Segment Start: Task material
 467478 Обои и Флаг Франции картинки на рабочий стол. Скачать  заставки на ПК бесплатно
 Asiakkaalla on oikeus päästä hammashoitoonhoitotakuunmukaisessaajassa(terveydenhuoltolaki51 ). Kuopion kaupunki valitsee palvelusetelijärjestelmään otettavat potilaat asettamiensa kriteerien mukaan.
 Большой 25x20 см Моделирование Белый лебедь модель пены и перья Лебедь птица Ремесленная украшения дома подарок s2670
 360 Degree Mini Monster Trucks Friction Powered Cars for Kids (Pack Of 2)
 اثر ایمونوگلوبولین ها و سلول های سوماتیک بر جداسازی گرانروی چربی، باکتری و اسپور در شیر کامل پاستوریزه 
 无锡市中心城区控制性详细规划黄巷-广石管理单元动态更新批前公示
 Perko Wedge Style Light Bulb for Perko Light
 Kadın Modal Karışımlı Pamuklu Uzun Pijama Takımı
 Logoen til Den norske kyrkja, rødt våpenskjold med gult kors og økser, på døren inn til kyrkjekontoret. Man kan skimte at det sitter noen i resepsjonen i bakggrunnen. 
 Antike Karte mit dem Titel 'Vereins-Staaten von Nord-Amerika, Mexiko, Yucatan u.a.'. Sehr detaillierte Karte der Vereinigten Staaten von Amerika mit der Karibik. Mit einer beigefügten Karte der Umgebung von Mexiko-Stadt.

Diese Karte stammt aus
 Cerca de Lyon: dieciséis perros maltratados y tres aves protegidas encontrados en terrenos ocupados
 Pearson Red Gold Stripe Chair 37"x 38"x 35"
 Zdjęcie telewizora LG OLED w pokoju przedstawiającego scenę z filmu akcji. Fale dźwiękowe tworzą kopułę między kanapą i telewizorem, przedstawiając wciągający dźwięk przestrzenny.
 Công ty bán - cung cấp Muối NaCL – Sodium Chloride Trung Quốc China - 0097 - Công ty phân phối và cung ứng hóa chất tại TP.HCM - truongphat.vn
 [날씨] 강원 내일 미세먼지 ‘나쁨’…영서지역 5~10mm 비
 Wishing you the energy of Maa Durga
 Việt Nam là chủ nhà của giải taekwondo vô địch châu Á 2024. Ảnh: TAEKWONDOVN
Segment End: Task material
Action item
Write down only the closing run of lines: the one containing "Công ty bán" and every line after it to the end of the entries, exactly.

Finished exercise
 Công ty bán - cung cấp Muối NaCL – Sodium Chloride Trung Quốc China - 0097 - Công ty phân phối và cung ứng hóa chất tại TP.HCM - truongphat.vn
 [날씨] 강원 내일 미세먼지 ‘나쁨’…영서지역 5~10mm 비
 Wishing you the energy of Maa Durga
 Việt Nam là chủ nhà của giải taekwondo vô địch châu Á 2024. Ảnh: TAEKWONDOVN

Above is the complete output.